The only thing I could think of that would have improved this piece was to reduce the focus on the "present day" segment of the piece, to shorten or reformat it somehow. I felt it was a little distracting and although it served as an interesting framing device, unlike the imagery-loaded "pre-battle" and "post-battle" scenes it didn't contribute a huge amount to the meaning of the story. Jumping back and forth between three timelines is difficult to follow.

I also felt that the story needed to use more white space in the "present day" segment, just to space it out some of the lines a little bit.

However, those are tiny issues. I loved reading The Price We Pay and I encourage Saveron to enter more writing challenges, for no other reason that I want to read more of her writing. Can't really give it more praise than that.

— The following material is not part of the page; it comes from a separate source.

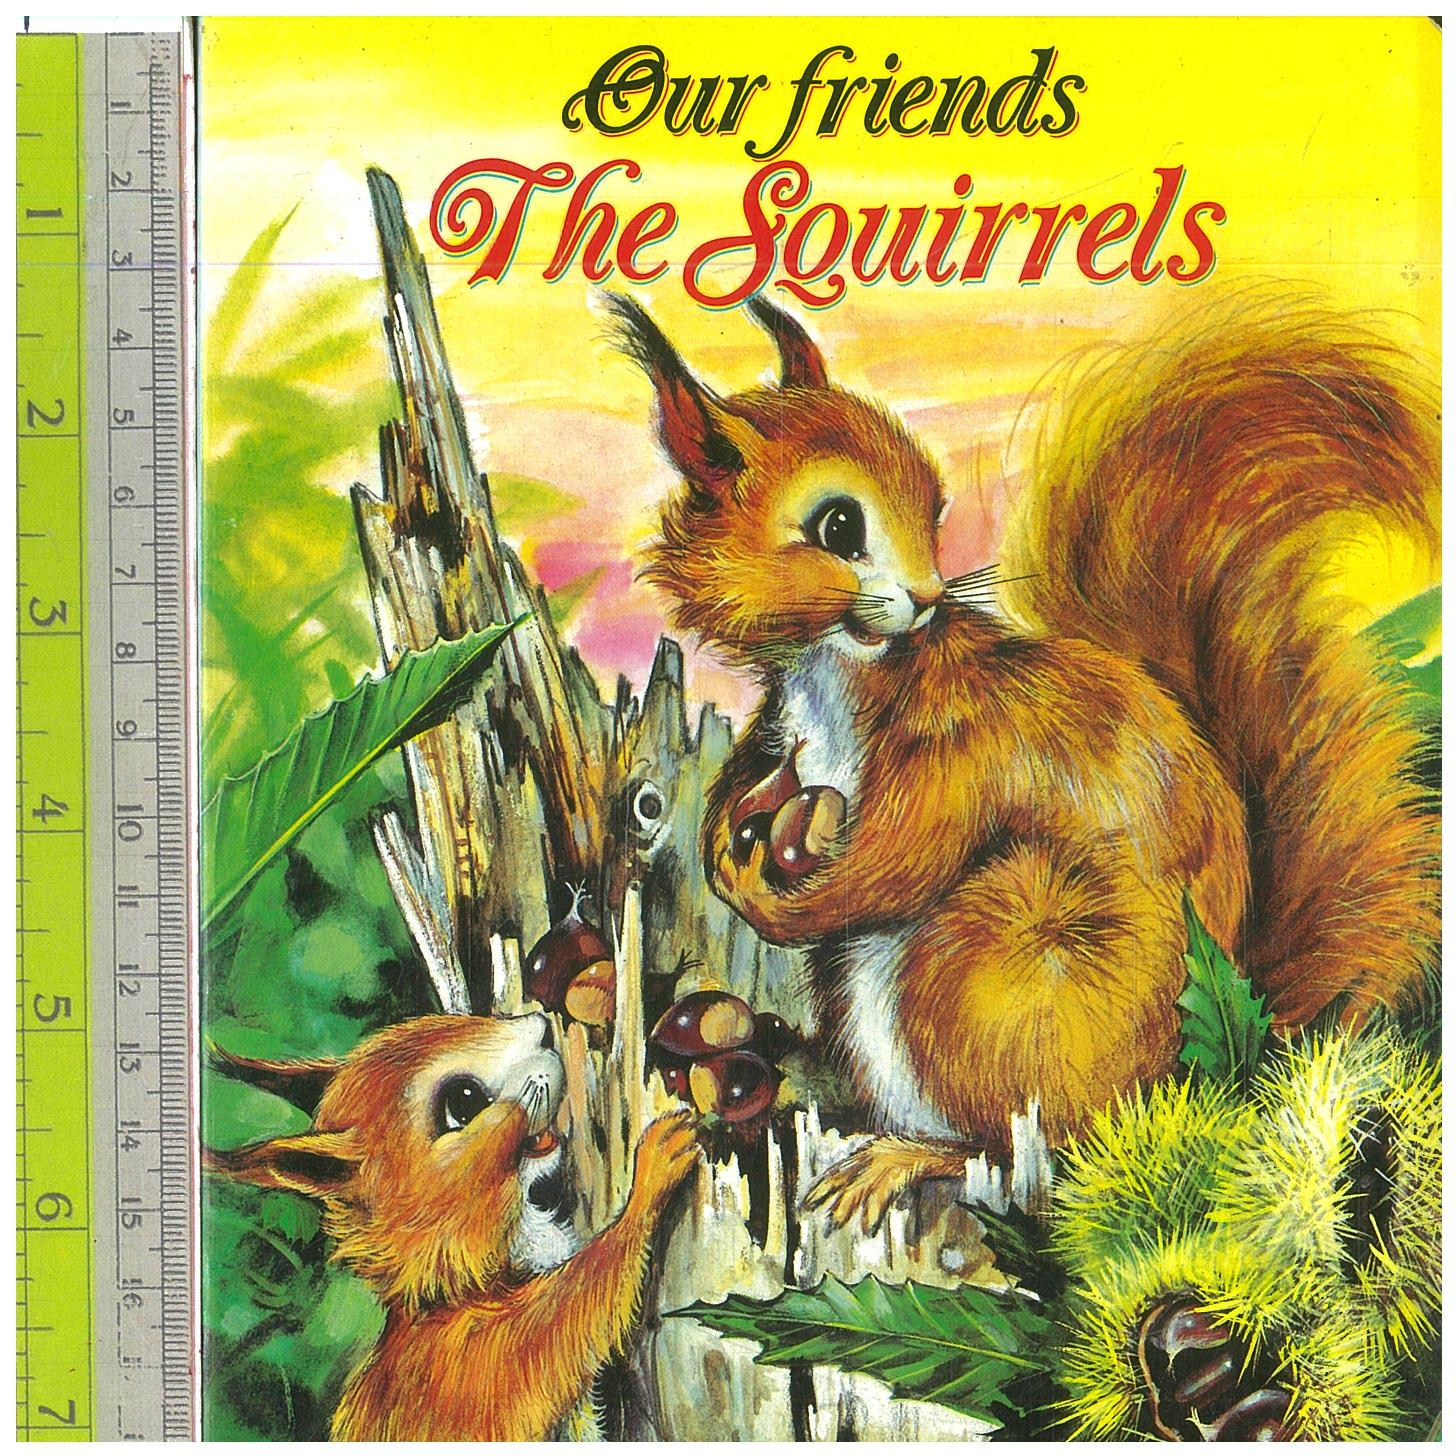 Souirrels

In fact, this piece presents me with a very interesting problem. I am a huge, huge, "Sign my chest!" squealing fanboy when it comes to Quinn Reynolds's Writing Challenge entries- the only writing challenge I've ever won was where she didn't enter, and when she does enter I spend my nights crying into a bowl of icecream shakily trying to convince myself that "next time I'll beat her!".

Now if you both enter I'm going to bring it up another notch... and I'm going to need a whole lot more icecream.

Masterfully done, Saveron.

Posted

"Controversial Titles" by Lieutenant Commander Thomas Gregory

Reviewed by Chief Petty Officer Radi Rais

I'm actually familiar with 4'33, although I didn't expect its use here at all. Gregory's use of this very unique piece surprised me and I enjoy being surprised. That put me in a good mood to read the rest of his piece.

Breaking the piece into acts and scenes was an interesting, if slightly distracting, choice of style but I got used to it almost immediately. I liked the idea that a piece that was both Song AND Silence was the focus of the piece, and in that regard I felt it held to the premise of the topic faithfully.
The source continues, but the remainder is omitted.